I had been told that there was NOTHING that could be done about my tracheal stenosis. I did not know any better so I believed that NOTHING was what would happen.
So from 2000 until June 2002, I thought there was nothing that could be done to fix the stenosis. However, one day in June 2002, I was in a doctor’s office (not my physician during my ARDS crisis) when the doctor and her resident said they thought that NOTHING seemed like a really impossible word. The Resident, who seemed only a few days older that Doogie Howser, said, “that if I were his mother, he would search the earth to find a way to have the tracheal stenosis fixed.” The doctor referred me to another physician who referred me to a surgeon at the University of Michigan. Once I learned that I was going to be evaluated at the university, I started to do my research: reading and asking questions and searching for information.
I think we have all learned that nothing in the medical world moves quickly…but in my case, it seemed that once a decision was made, everything moved like lightening speed! I saw a new ENT in June and a surgeon in July! WOW! It seemed, in a very short span of time, that there WAS something that could possibly be done. I had a lot of questions to ask. I knew I was able to ask good questions over the last 6 months because I was armed with information and armed with advice from people in the ARDS community. Many in the ARDS community have been there and have gone forth and sought out second and third opinions. I know that information and the support have made it possible for me to try to maintain a positive attitude about the tests, the procedures, and, now, the upcoming surgery.
A neighbor teenager, Tommy, has often reminded me that I am helping to train all sorts of medical people. I know that he is right. Sometimes his kind words help when I am going from one office to another and from one lab to another and from one nurse to another. I am learning and they are learning. There is some comfort in the sense of a cycle.
I know that the information from the University of Iowa Medical School has helped me to recognize the technical terminology. I know my surgeon at the University of Michigan has helped me by treating me as an informed patient…a patient with knowledge and fears.

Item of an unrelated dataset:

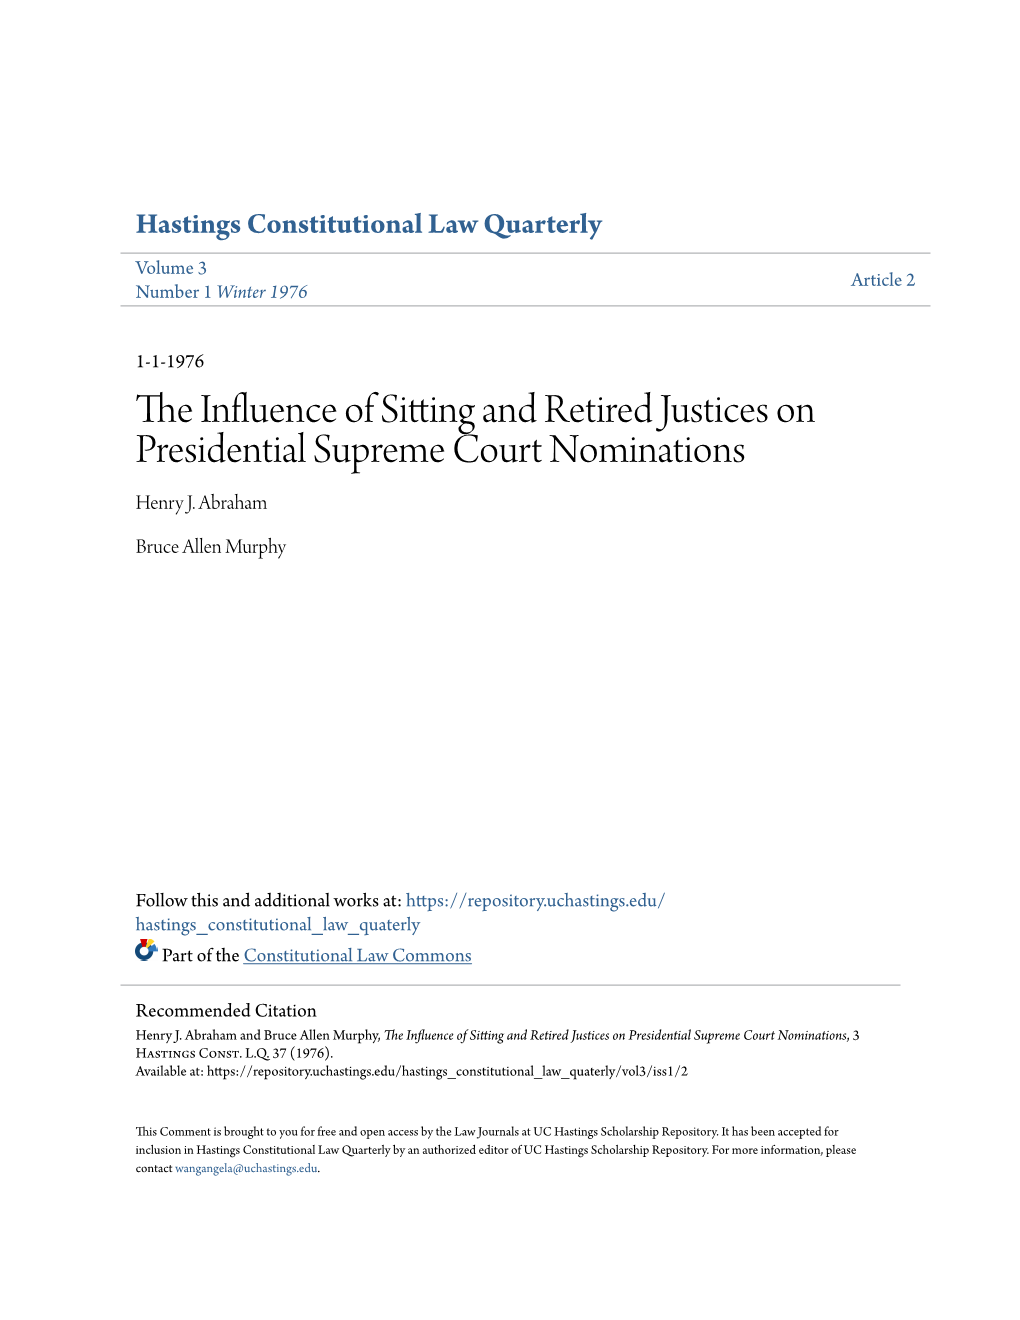 The Influence of Sitting and Retired Justices on Presidential Supreme Court Nominations, 3 Hastings Const

My family physician has helped me by providing medical and personal support. The nurses have helped by being the first-line of medical people I talk to on the phone in the office. All of these people have made me laugh. The University of Iowa has helped me study and to see just what is going on. Those in the ARDS community have helped me with the notion that I can get through this because I have the support. I have the support online. I also have support from those who have been in hospitals and in DR offices and in waiting rooms. I am especially lucky because I have many wonderful friends where I live. They have given emotional support, cooked meals, and sat with me during medical procedures. I also know that wonderful people, like Irene in Saginaw, have put me on their prayer chains I understand that there is frequently a window of opportunity for most things. With ARDS, there is one for 24-48 hours when our bodies had some insult and went into ARDS. With surgery, there is also one. I decided to go with my window of opportunity because I have a real sense of what the possibilities are given the surgery. I understand the dangers and the problems, and I do have fears. However, I also know that I have people all over the United States cheering me on. I cannot wait to tell you about the process and the recovery and the results.
Hmmmm… Think of Bob The Builder. His slogan: Can We Fix This? YES WE CAN!!